The Talmud, Kraemer says, mentions parts of the shofar service where one sits and where one stands. Today we all stand. “What is this ‘sitting,’ what is this ‘standing’ business?” he asks. The rabbis, he answers, had Jews sit during shofar blowing to “confuse” Satan.

This kabbalistic explanation leads into more practical approaches to understanding the often-arcane holiday rituals.“

The point of this is to take very mundane activities” — when you stand, when you bow, when you utter words written thousands of years ago — “and make them not quite so mundane,” Kraemer says. “It’s meant to give you a different set of eyes.”

He holds up his machzor. “This is a really fat book, with a lot of words,” he says.

Who understands all the words, and the concepts behind them?

“In my past I remember the feeling of being lost and overwhelmed,” he says. Kramer designed his course with a nondenominational slant. “It would help anyone, wherever they daven,” he says.

Wohl, who calls herself “a practicing Reform Jew,” has taken several kollel courses. Her interest in her religion was kindled when she and her husband began having children and when one turned Orthodox.
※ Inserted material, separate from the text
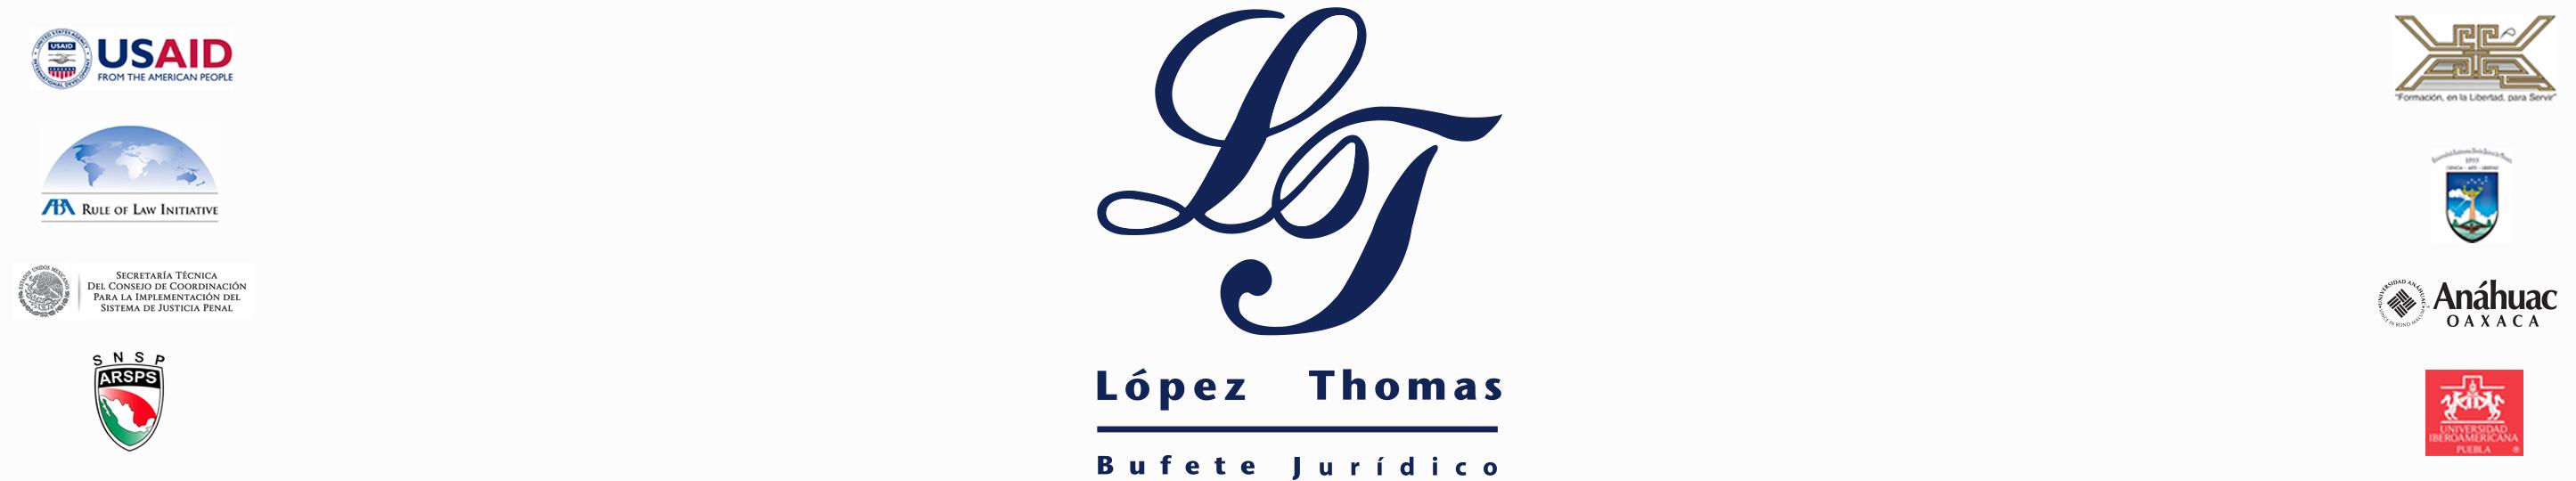 Bufete Jurídico López Thomas Logo

“I felt a hole in my life. I felt something was missing,” she says.

Wohl enrolled in Kramer’s class “because I thought it would help me go through the prayerbook.” She’ll go to Rosh HaShanah services this weekend, as usual, at her Forest Hills congregation. “I definitely feel more prepared,” she says.
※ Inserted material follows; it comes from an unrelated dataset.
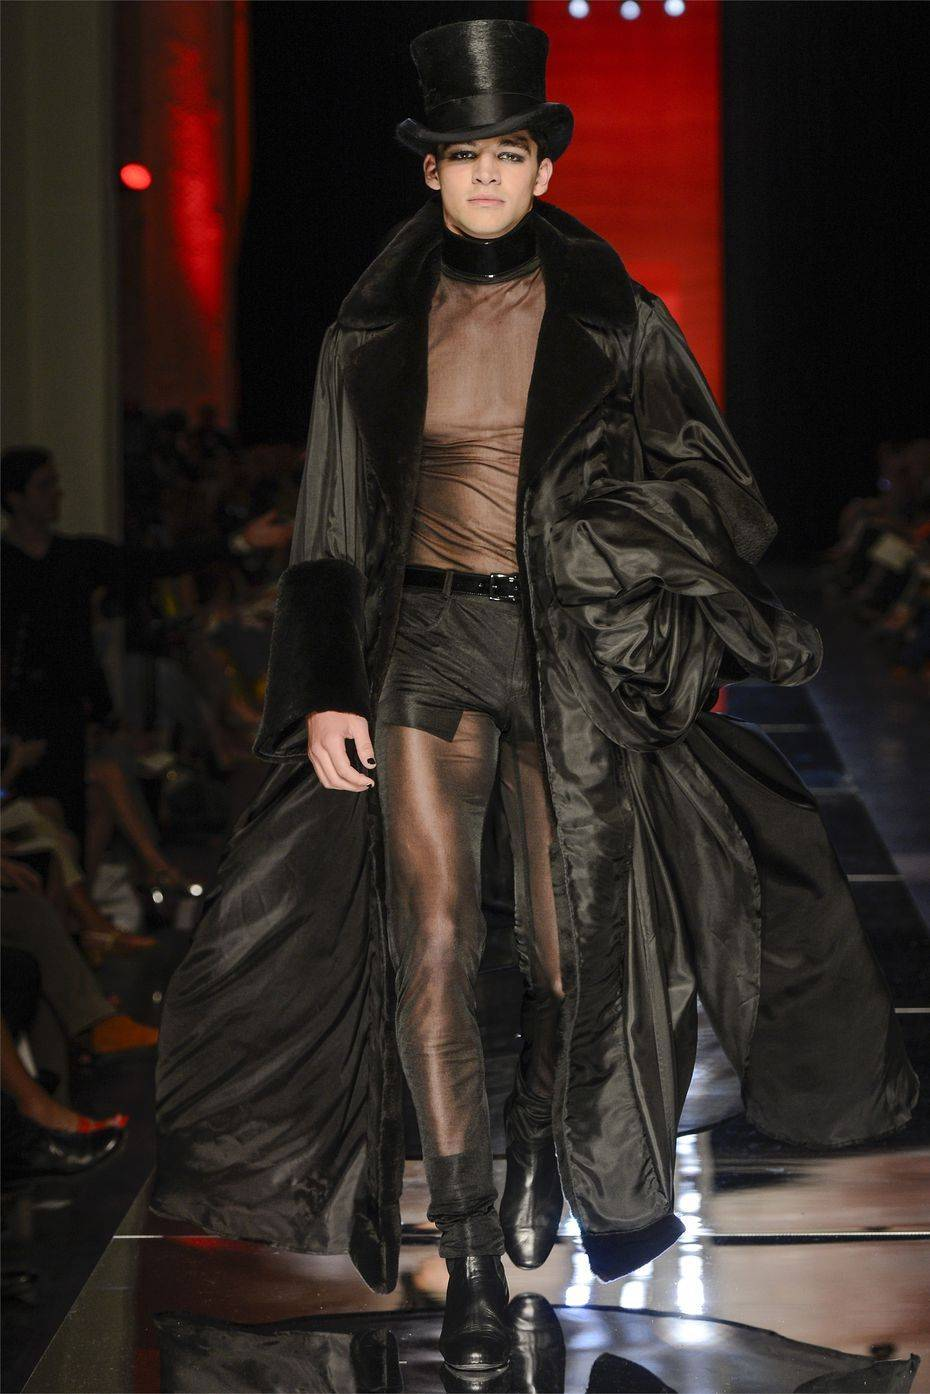 Jean paul gaultier men 39 s haute couture fall winter 2012 for Haute couture men

Kraemer’s discussions about the Jewish view of death and the afterlife “absolutely changed my conception” and will aid her praying this month, she says. “It will be deeper … a little more intense.”

“When I’m in services,” Wohl says, “little lights will go on” in her head as she reads words whose meaning she finally understands.

And Bernhardt will spend Rosh HaShanah at home. He usually works on that day and takes off on Yom Kippur, but the Jewish New Year falls on a weekend this year.

“I don’t consider myself secular. I consider myself in the liberal wing of Judaism,” he says.

On Rosh HaShanah he will read the day’s Torah portion and “review” the liturgy in his own machzor. “Not actually praying, but thinking about the structure. Thinking about the holiday. Paying attention to the themes … as a meditative device. I concentrate on my relationships with other people.”

After a month’s study, Bernhardt says, “I’ve learned to look at the prayers as a whole rather than get bogged down in the internal structure of any individual prayer.

“It’s going to help me examine my relationship with God,” he says.

“I don’t blow off the holidays at all. I just don’t go to synagogue,” Bernhardt says. The machzor will be familiar territory. “I’m going to understand it a lot better than a lot of people who are in shul.”